= WHAT IS EXPECTED =
Transcribe the whole listing below without changing a word, but leave out every image.

= RECORDED INFORMATION =
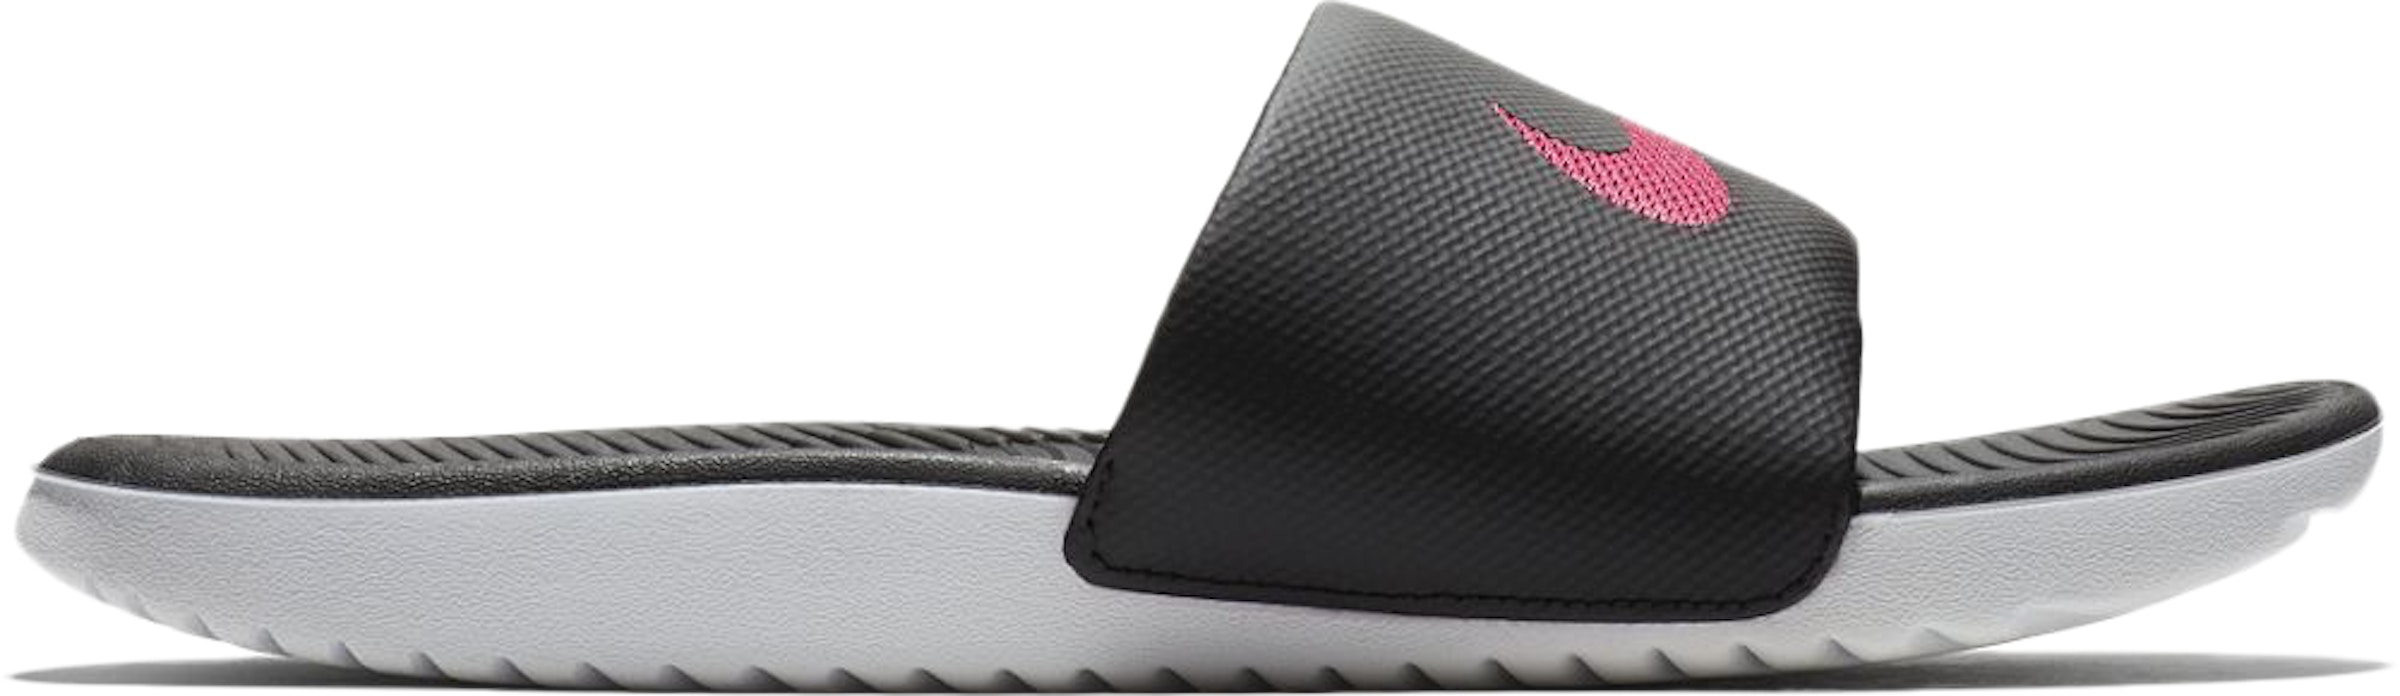 Nike Kawa Slide Black Vivid Pink (Women's) - 834588-060 US
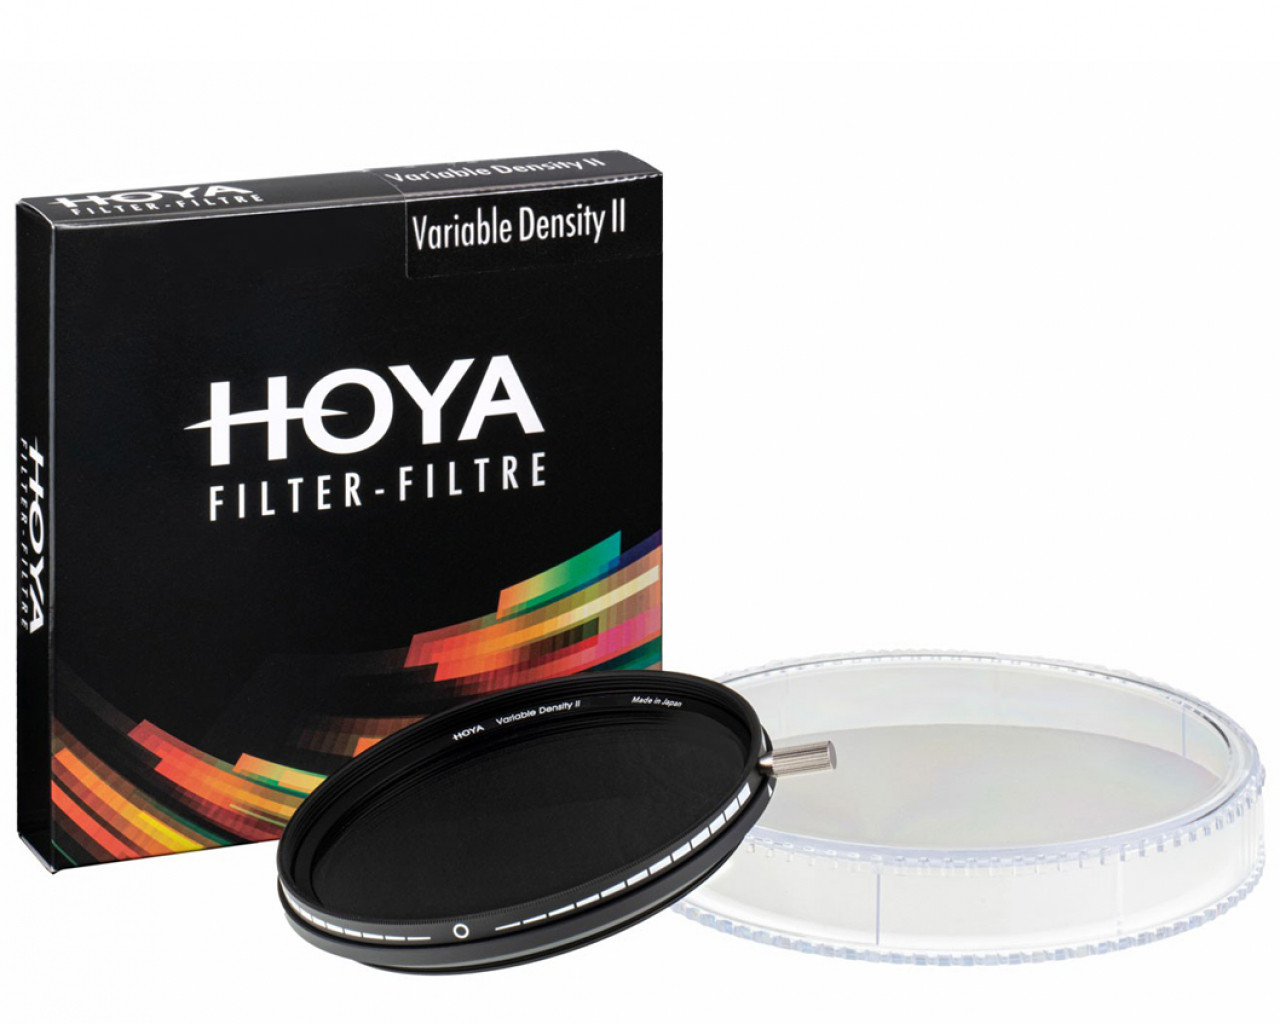 Hoya Filtro Vario-ND II 77mm
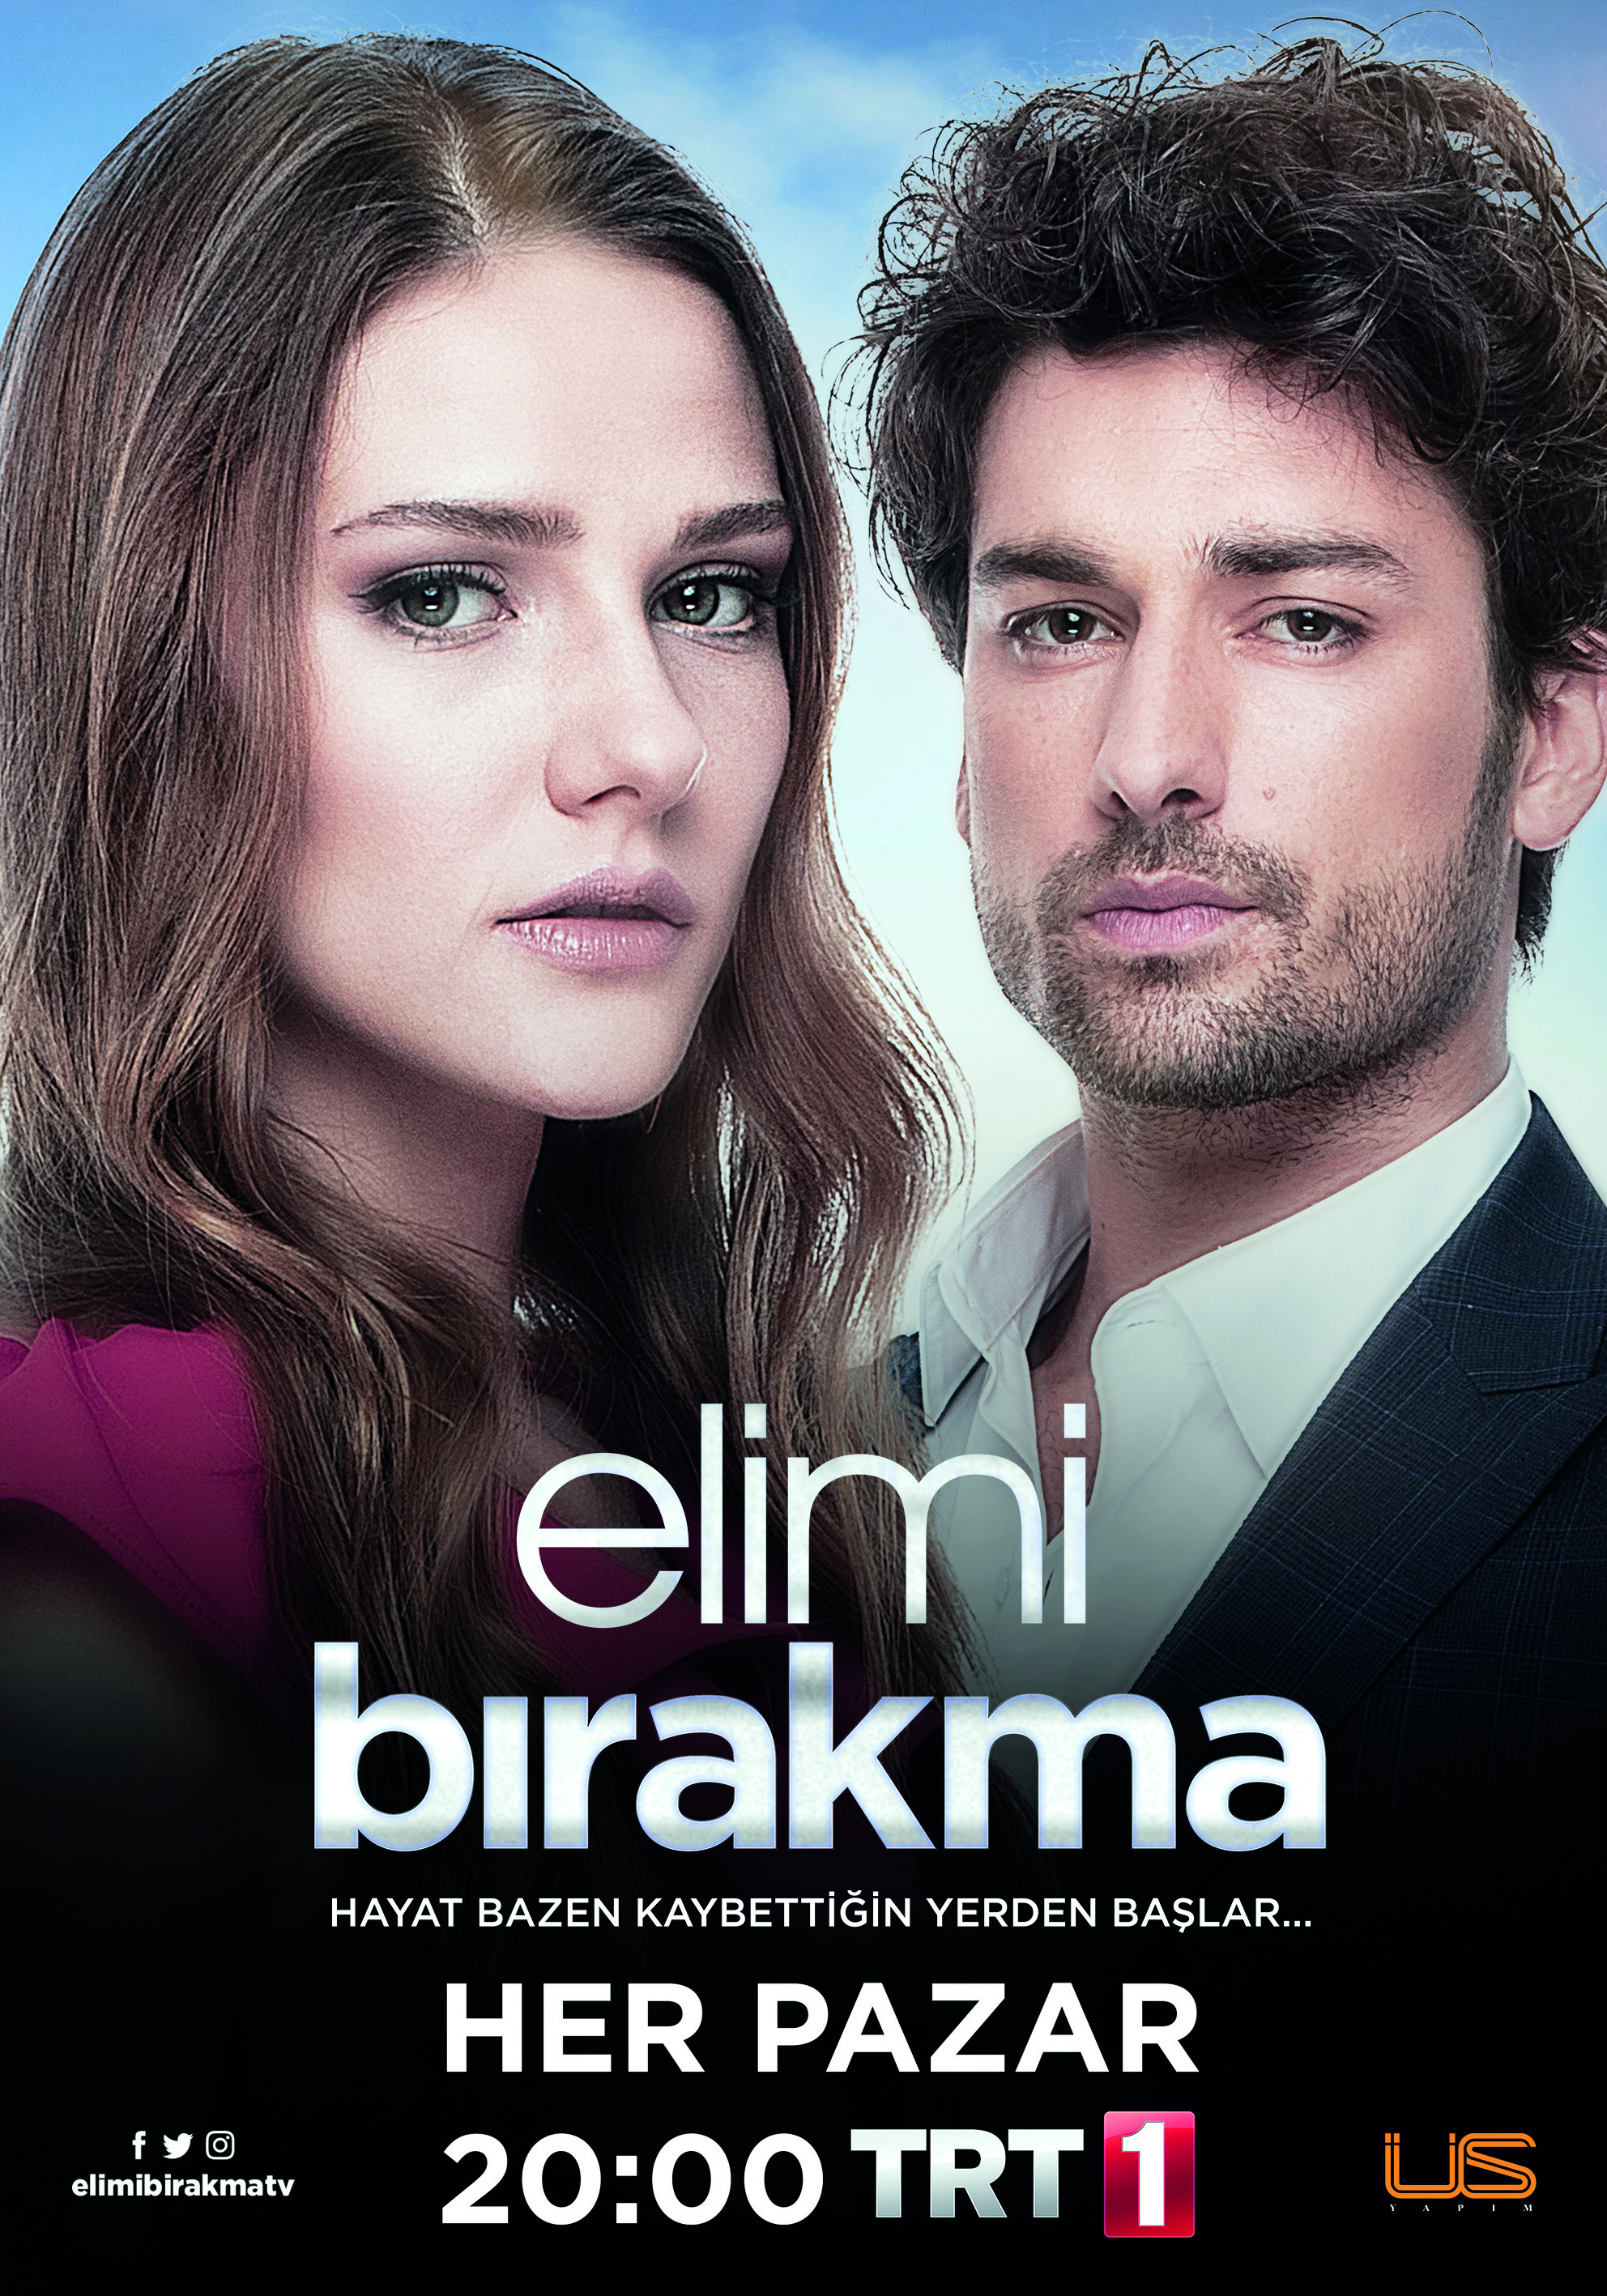 Mega Sized Movie Poster Image for Elimi birakma (#1 of 20)
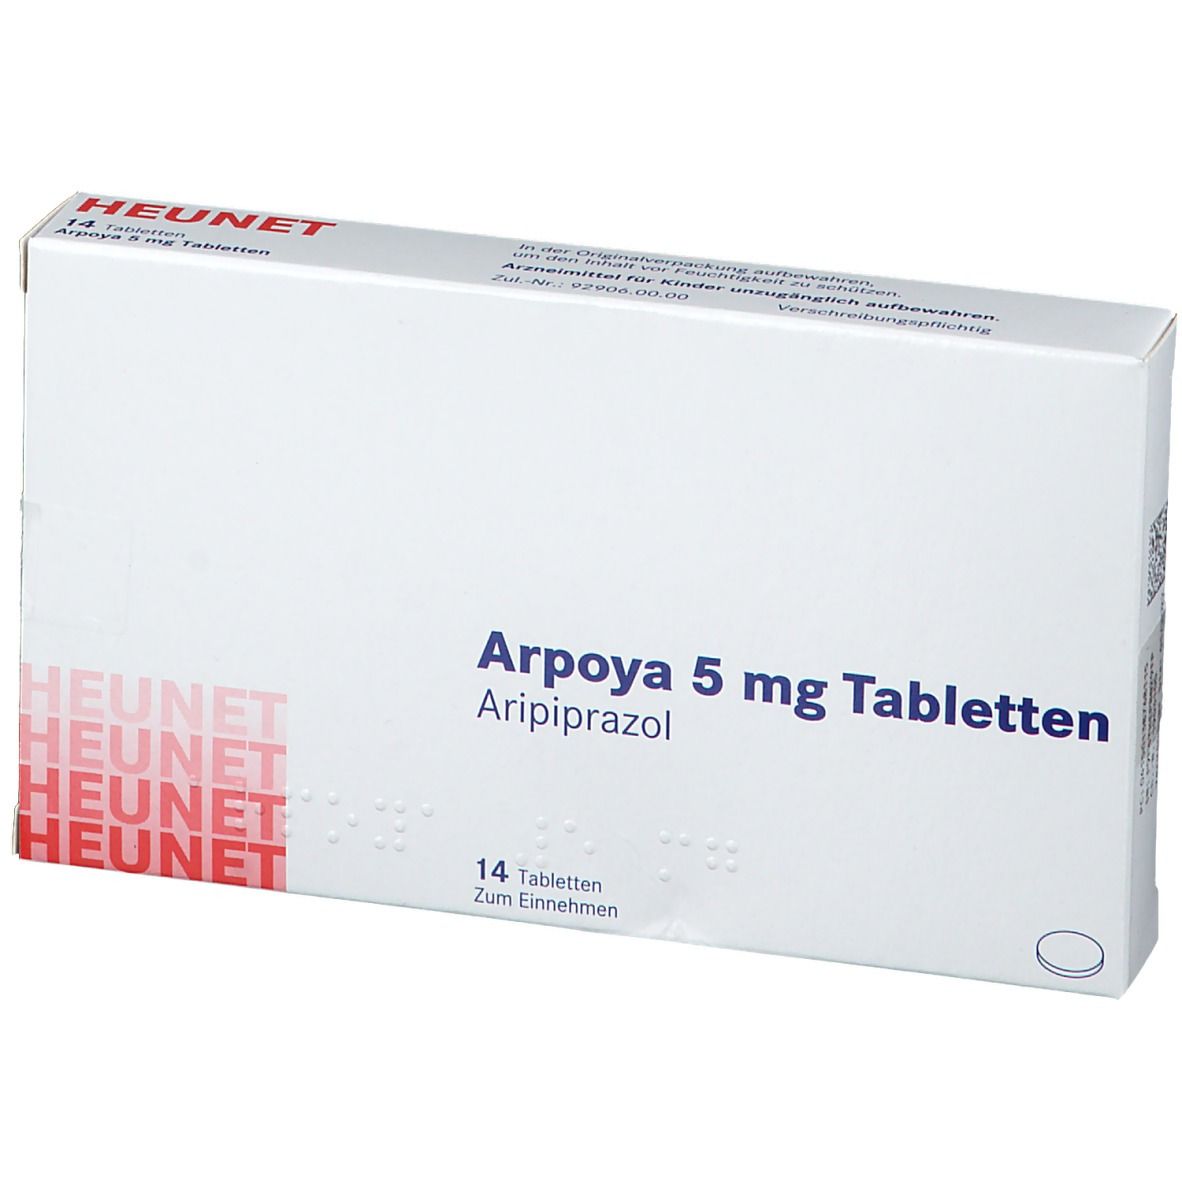 Arpoya 5 mg

= OUTPUT FOR THIS TASK =
 Nike Kawa Slide Black Vivid Pink (Women's) - 834588-060 US
 Hoya Filtro Vario-ND II 77mm
 Mega Sized Movie Poster Image for Elimi birakma (#1 of 20)
 Arpoya 5 mg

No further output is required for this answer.